Implementation of Auto-Generated Responses in Customer Support
AI auto-generation of responses works in two modes: fully automatic responses (bot) and operator suggestions (agent assist). The second mode is often more effective — the operator verifies and corrects, reducing the risk of incorrect responses.
Agent Assist: Operator Suggestions
System suggests a ready response, operator accepts, edits, or rejects with one click. Implementation reduces average response time by 40–60% without loss of quality.

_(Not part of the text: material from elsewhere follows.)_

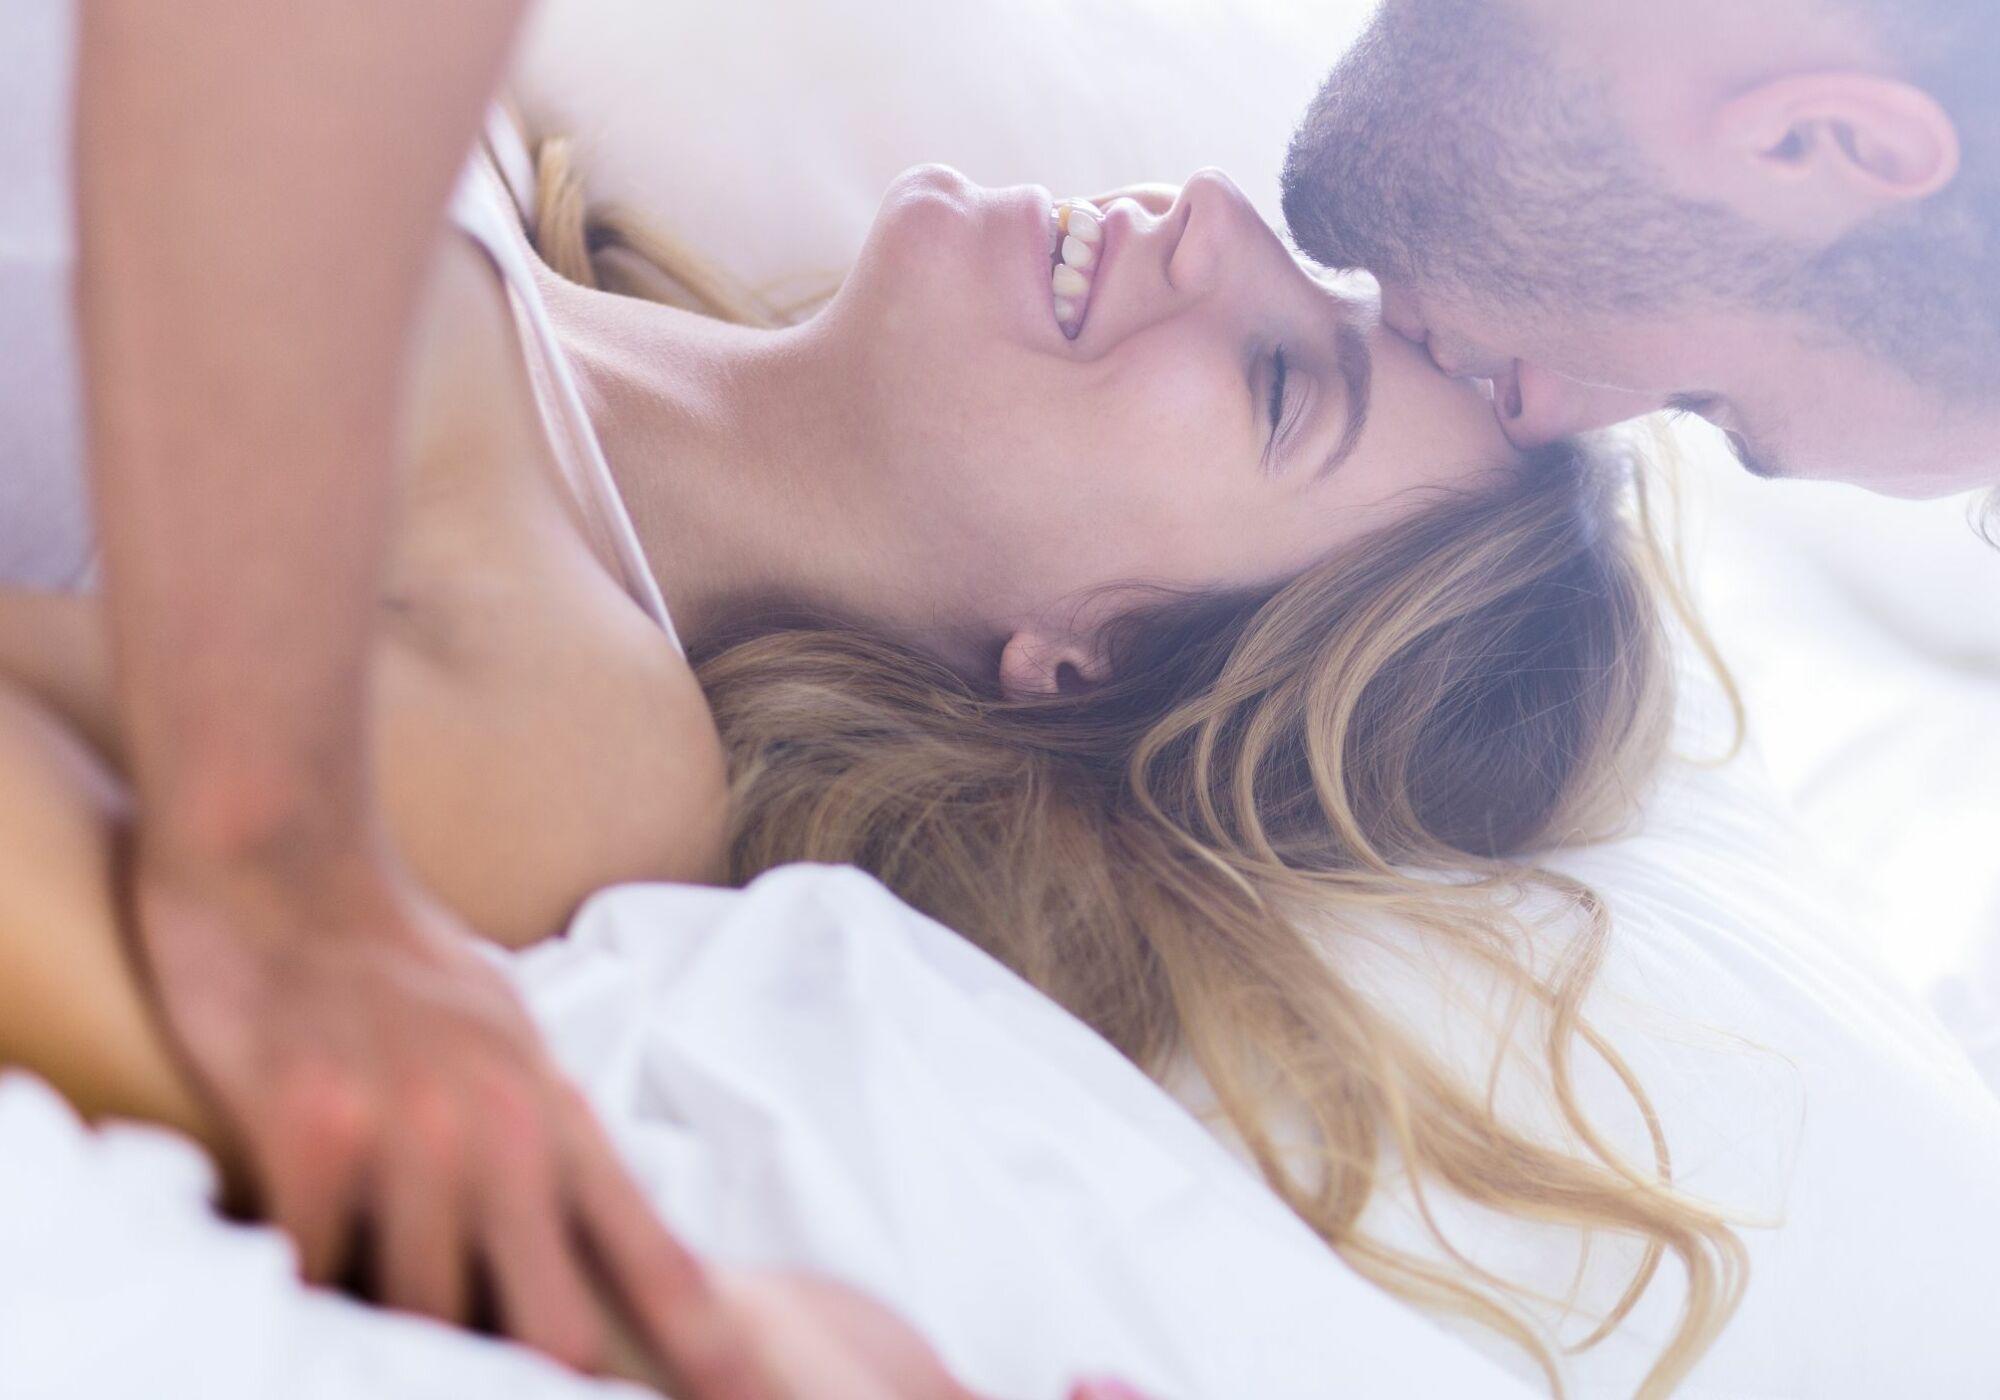 Секс втроем с молодой, Секс втроем видео 8 фотография

def suggest_response(ticket: Ticket, knowledge_base: VectorStore) -> ResponseSuggestion:
# Search for similar resolved tickets
similar_tickets = knowledge_base.search(ticket.text, top_k=3)
# Search knowledge base
kb_articles = knowledge_base.search_articles(ticket.text, top_k=3)
# Generate suggestion
prompt = f"""
Customer request: {ticket.text}
Customer history: {ticket.customer_history}
Similar resolved requests:
{format_similar(similar_tickets)}
Knowledge base articles:
{format_articles(kb_articles)}
Write an operator response: polite, to the point, with specific solution.
"""
return llm.generate(prompt)
Fully Automatic Responses
Auto-responses are safe only for typical queries with high confidence. Categories for auto-response:
- Order status request (CRM integration)
- Common questions (hours, address)
- Receipt confirmations
Auto-send condition: classifier determined type with confidence > 0.95 AND response template exists AND request not from VIP customer.
Tone and Personalization
Response adapts to customer: customer communication style (formal/conversational), interaction history, segment. System prompt: "You are an operator of company X. Tone: professional but warm. Always use customer's name. Avoid bureaucratic language."
Quality Monitoring
Track: operator acceptance rate of suggestions (target > 60%), CSAT for auto-responses vs manual, NPS dynamics. Responses with low acceptance rate → review prompts or knowledge base.